The retired general, now 72, dismissed as "completely false" allegations that French soldiers supplied arms to the Hutu extremists.
"I will say it again here. No munitions, not even a bullet, was given by Operation Turquoise" to the Hutus, Lafourcade told a judge. "Where the French soldiers were, there were no massacres nor abuses."
"It took some time for the reality of the genocide to sink in seeing... the presence of mass graves, burned villages," he added.
There was "a general underestimation - French and international - of the involvement of local and government authorities."
In 2005 survivors filed a complaint in France, saying the French troops had on June 27, 1994 vowed to return to Bisesero, but when they came back three days later, it was too late for hundreds of Tutsis who were massacred.

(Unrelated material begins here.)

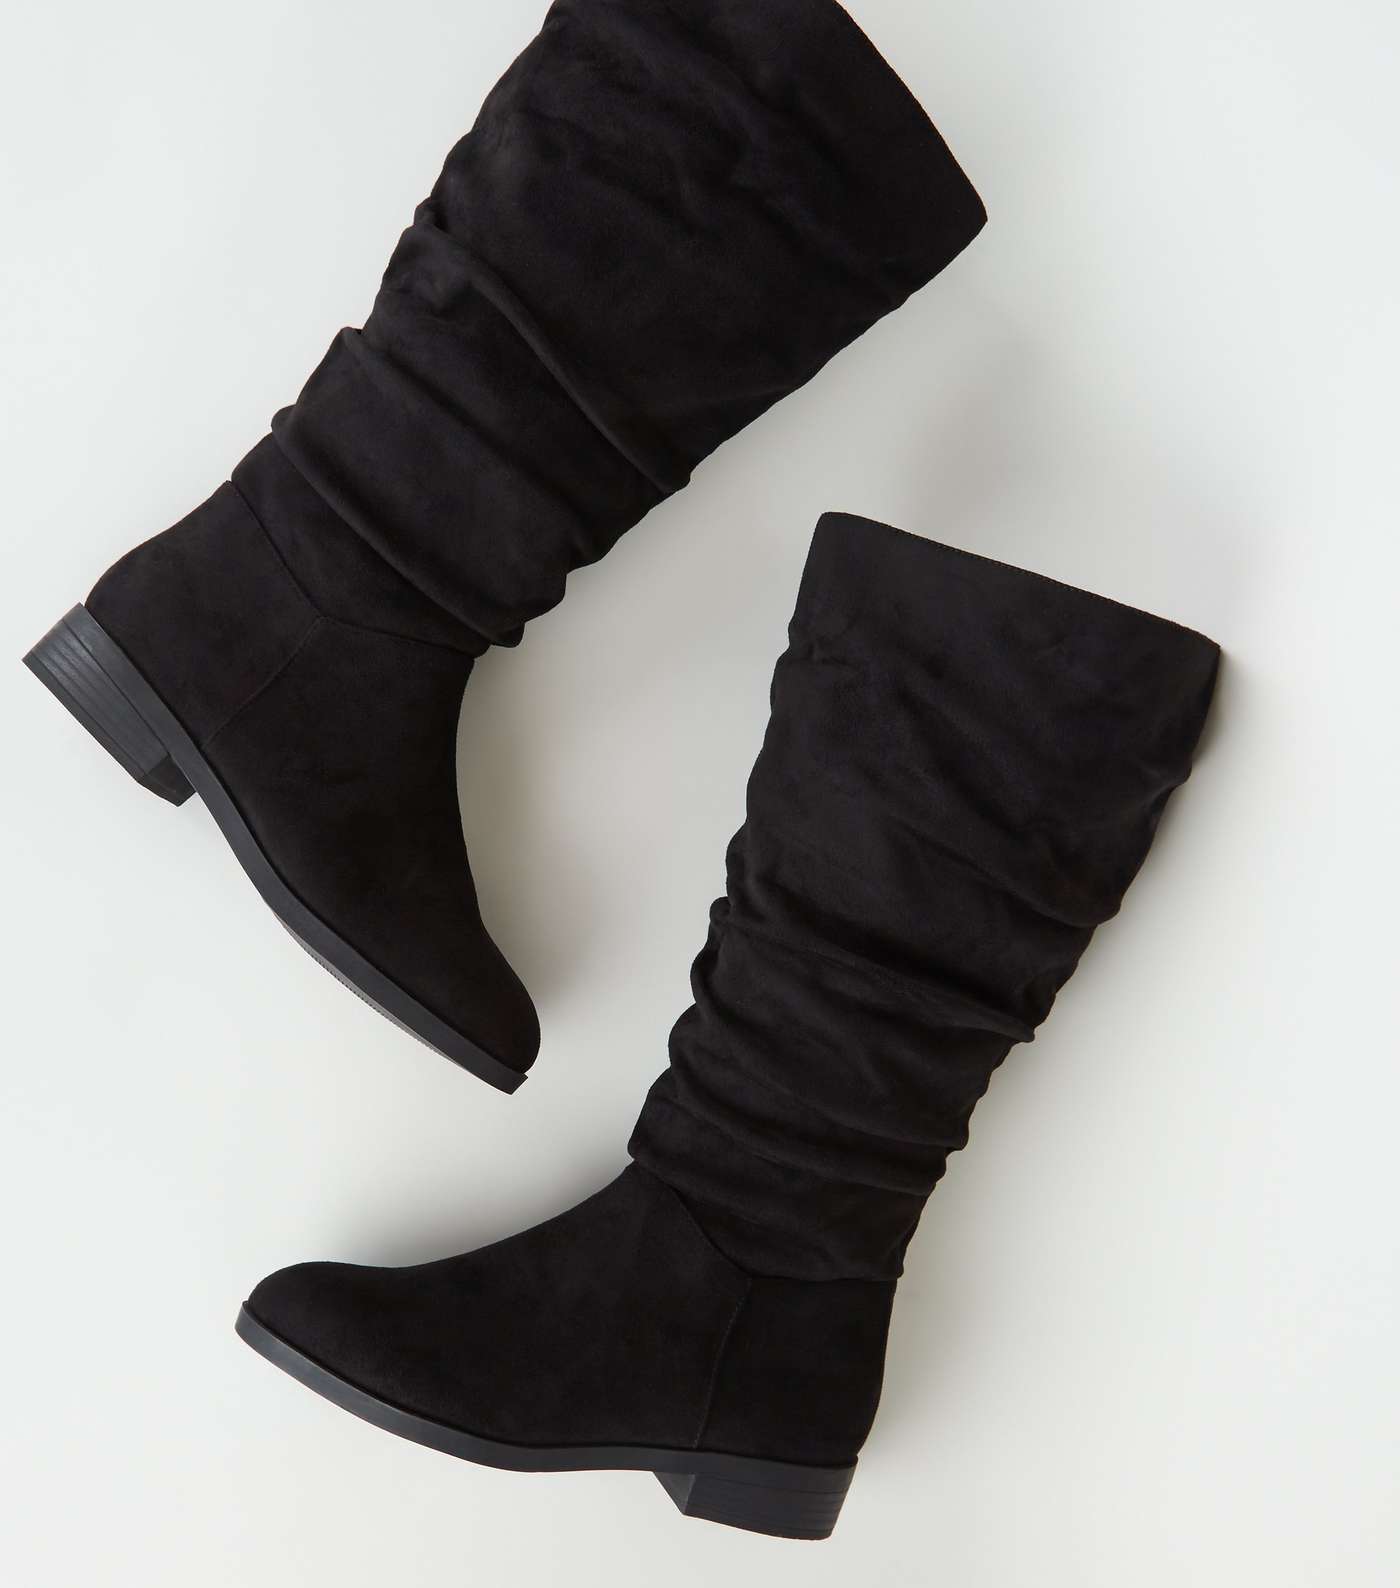 Extra Calf Fit Black Suedette Knee High Boots Image 3
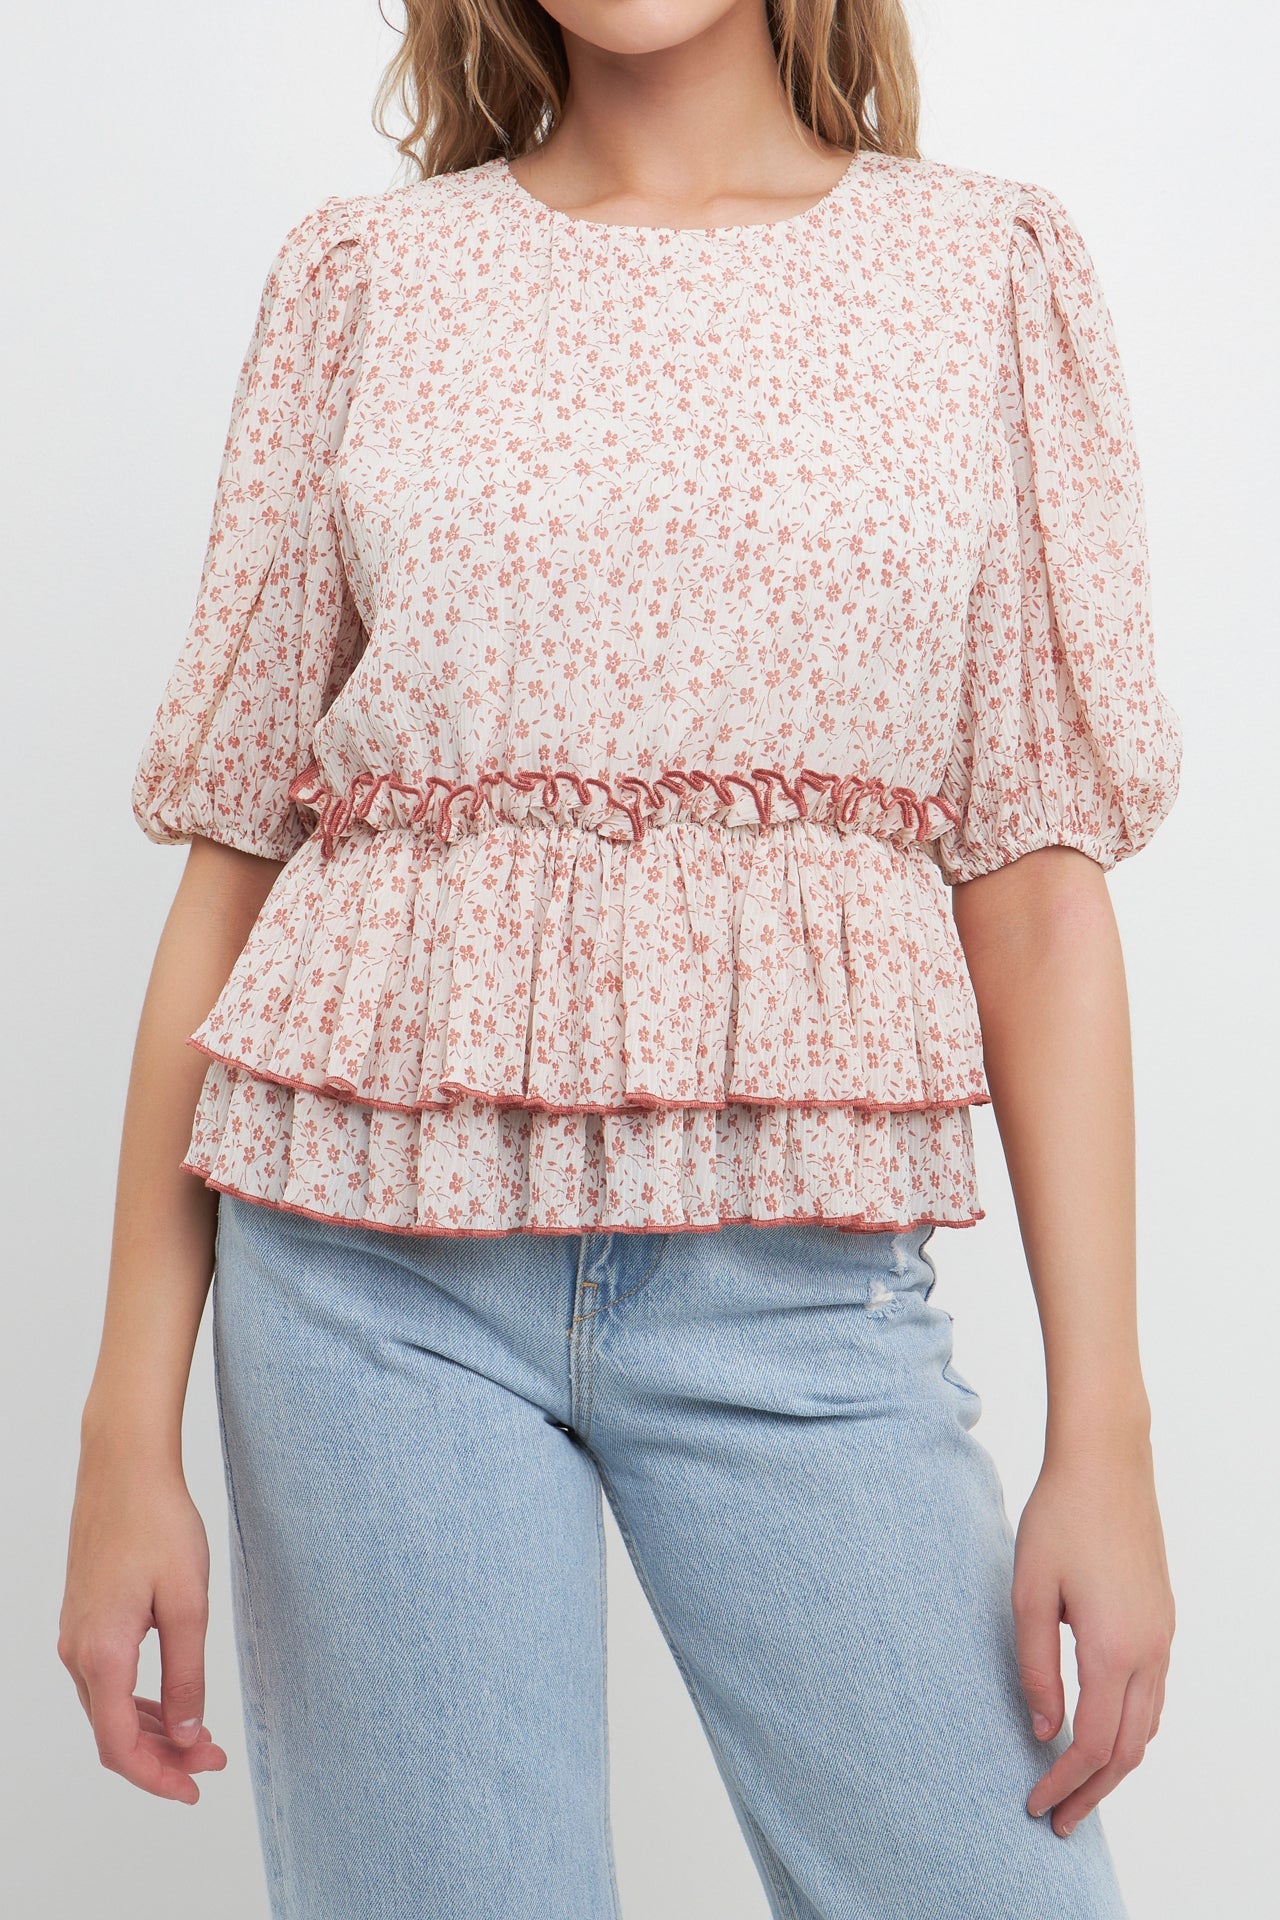 FREE THE ROSES - Pleated Floral Top - TOPS available at Objectrare

Lafourcade said he was short staffed, with a unit of 120-130 soldiers and had as priority the "evacuation of the sisters of Kibuye" nuns in western Rwanda.
He was concerned about "thoughtlessly" launching patrols in the country's interior, fearing the kind of attack on troops that had befallen American soldiers in Somalia in 1993.
"I can only regret the death of the Tutsis who died during these two days," he said. "We were very much alone." His lawyer Pierre-Olivier Lambert told AFP that Lafourcade was "very glad to have finally been able to testify before the French justice system as he has been asking to do for many years."